The Newdegate farmer, who has been the organisation’s senior vice-president for several years, replaces Colin Nicholl, who has retired at the end of his four-year term to return to the three properties his family runs near Hyden.
In his new role Mr deLandgrafft will face many ongoing issues – the State Government’s environmental legislation, attempts to get multi-peril crop insurance policies introduced, salinity, the battle to communicate more effectively with young WA-Farmers members and, perhaps, the merger of WAFarmers with the Pastoralists and Graziers Association of WA.
Mr deLandgrafft said the city-country divide was growing.
“We have to engender the support of our city cousins,” he said.
One of the tools at his disposal to close the divide is employment.
Agriculture is the largest single employer in WA, accounting for more than 10 per cent of the general population.
However, the industry also faces a skills shortage.
“People who have the affinity with a rural setting and can operate the activities of a farm are in high demand,” Mr deLandgrafft said.
“Traditionally, farmers have been their own labour. But as farms get larger through rationalisation they are relying more and more on staff.”
Farm machinery operators and shearers are also in demand.
Mr deLandgrafft said demand was high for machinery operators who could operate machinery such as tractors and seeders in the main planting months of May and June. A similar demand exists during harvest, although some of that is for truck drivers to cart the crop. Perth contractors have filled that need for many years.
There is also the problem of keeping young people on the farms.

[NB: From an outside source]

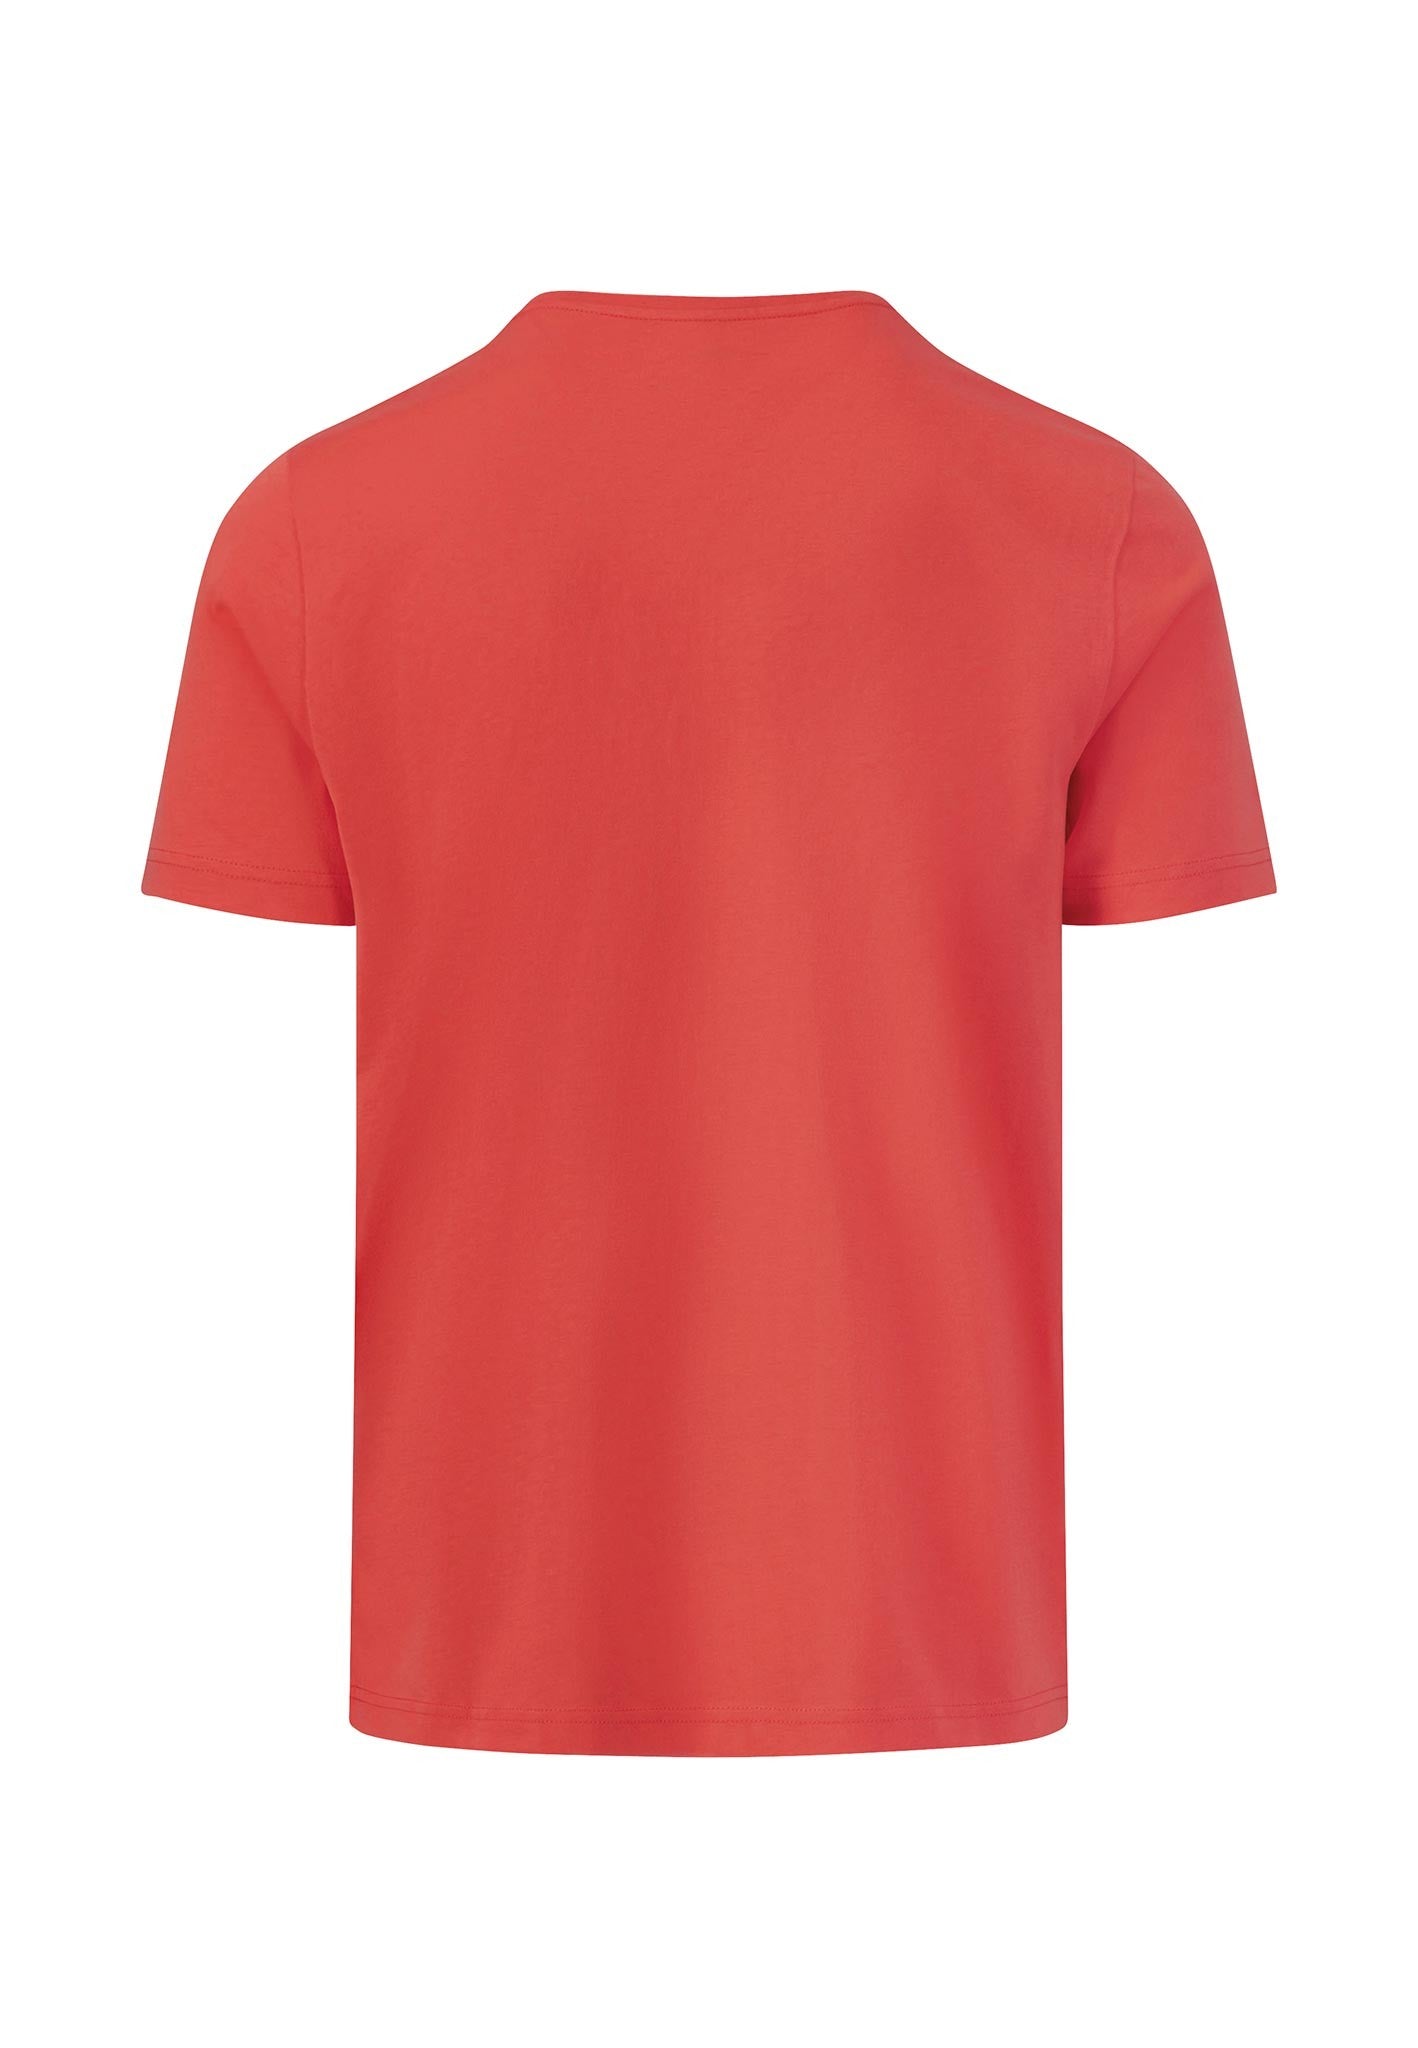 Fynch Hatton Superfine Cotton T-Shirt Red

“The depopulation of rural areas is a curse,” Mr deLandgrafft said.
“The things that don’t help are government cutbacks on essential services. Roads are a real issue.”
Mr deLandgrafft said WAFarmers was trying to become registered as a rural training organisation.
“If we can lift the profile of agriculture as a professional industry it will make it more sustainable,” he said.
Mr deLandgrafft acknowledged there was a lot the industry could do to help itself.
“We have a lot of control over most of the issues in front of us,” he said.
“We can make sure the conditions out there are up to scratch.
“City people often don’t know about the good conditions they’ll experience in the country.
“Fly-in fly-out mining doesn’t give anywhere near the lifestyle and stable employment in a country setting.”
Generational change is another issue organisations such as WAFarmers will have to deal with.
Mr deLandgrafft said his appointment was a step in that direction, as he was of a younger generation than his predecessor.